I need to move data from on-premise to AWS redshift(region1). what is the fastest way?
1) use AWS snowball to move on-premise to s3 (region1)and then use Redshift's SQL COPY cmd to copy data from s3 to redshift.
2) use AWS Datapipeline(note there is no AWS Datapipeline in region1 yet. so I will setup a Datapipeline in region2 which is closest to region1) to move on-premise data to s3 (region1) and another AWS DataPipeline (region2) to copy data from s3 (region1) to redshift (region1) using the AWS provided template (this template uses RedshiftCopyActivity to copy data from s3 to redshift)?
which of above solution is faster? or is there other solution? Besides, will RedshiftCopyActivity faster than running redshift's COPY cmd directly?
Note it is one time movement so I do not need AWS datapipeline's schedule function.
Here is AWS Datapipeline's link: AWS Data Pipeline. It said: AWS Data Pipeline is a web service that helps you reliably process and move data between different AWS compute and storage services, as well as on-premises data sources....
It comes down to network bandwidth versus the quantity of data.
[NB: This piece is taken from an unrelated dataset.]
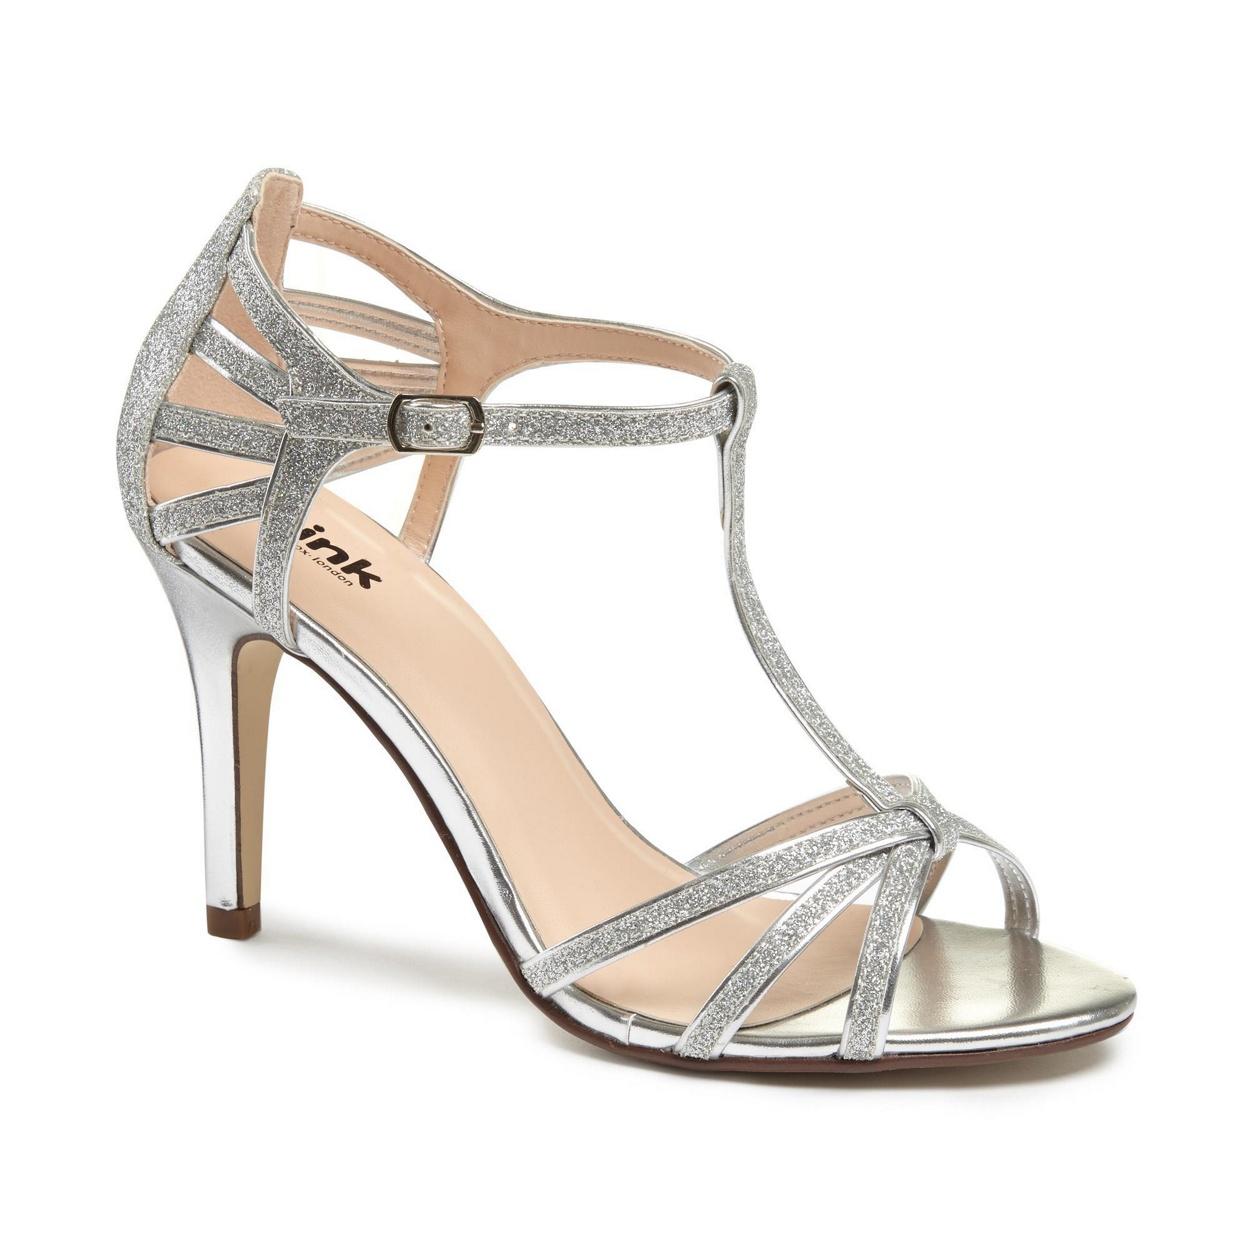 Black sandals debenhams - Pink By Paradox London Glitter Phoebe High Heel Stiletto T Bar Sandals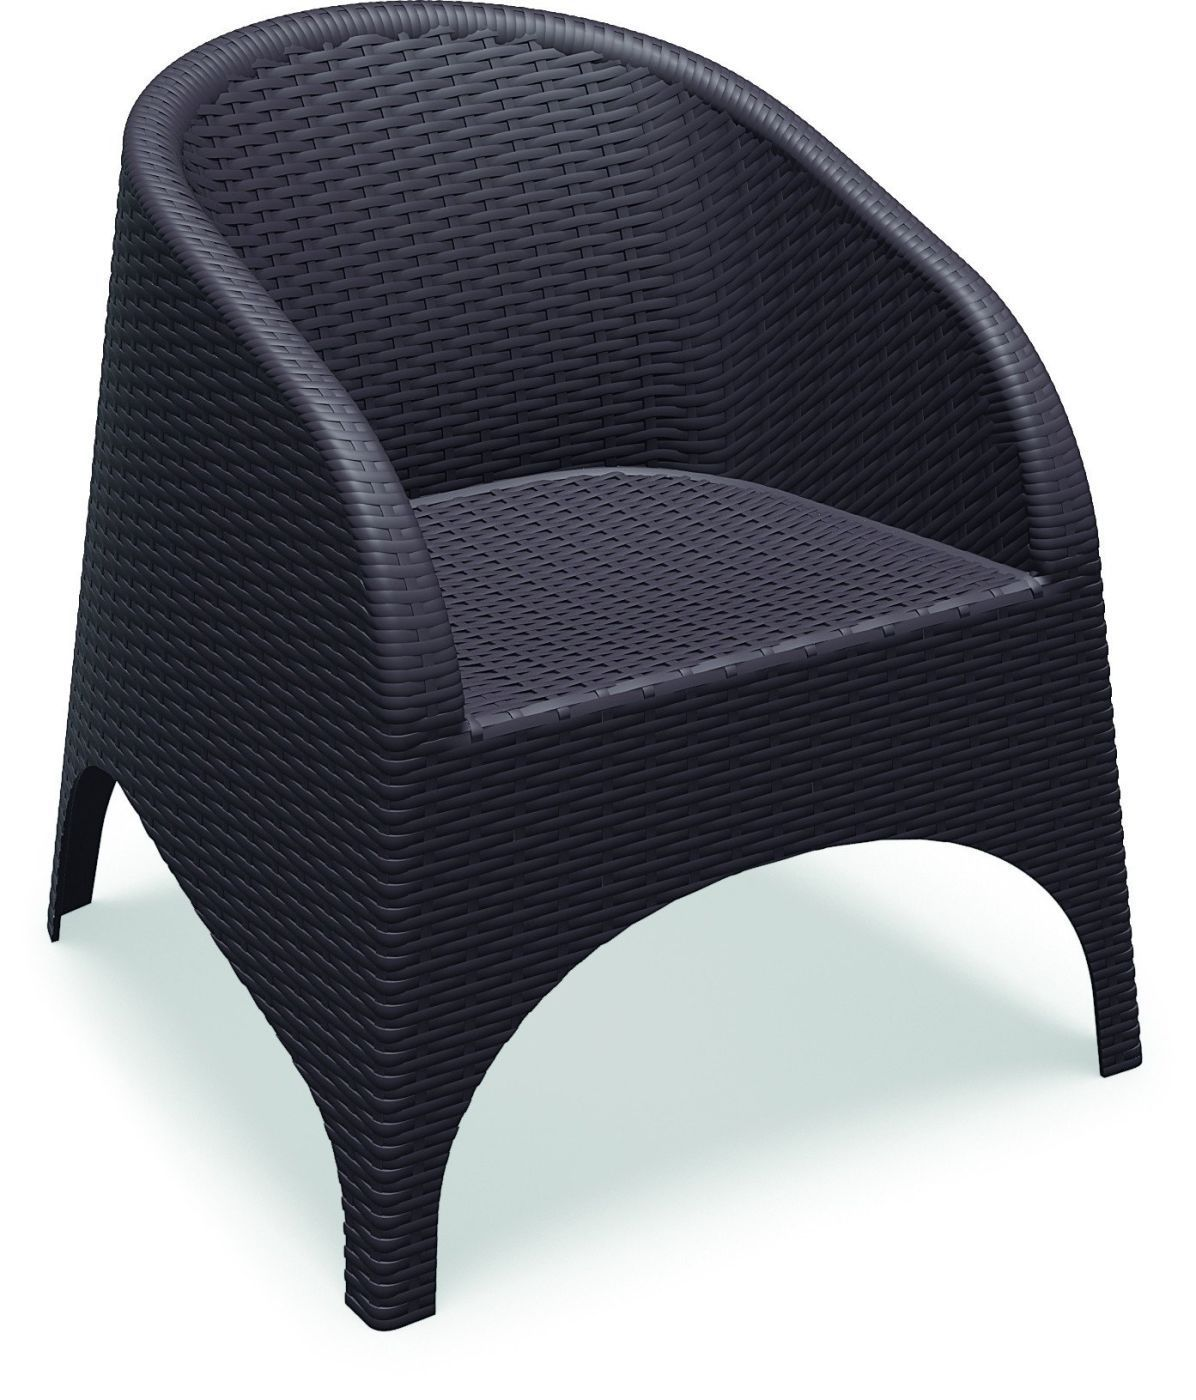 Aruba Resin Wickerlook Chair Brown Set Of 2 Outdoor Dining Chairs Patio Chairs Resin Patio Chairs

The data needs to move from the current on-premises location to Amazon S3.
This can either be done via:
You can use an online network calculator to calculate how long it would take to copy via your network connection.
Then, compare that to using AWS Snowball to copy the data.
Pick whichever one is cheaper/easier/faster.
Once the data is in Amazon S3, use the Amazon Redshift COPY
command to load it.
If data is being continually added, you'll need to find a way to send continuous updates to Redshift. This might be easier via network copy.
There is no benefit in using Data Pipeline.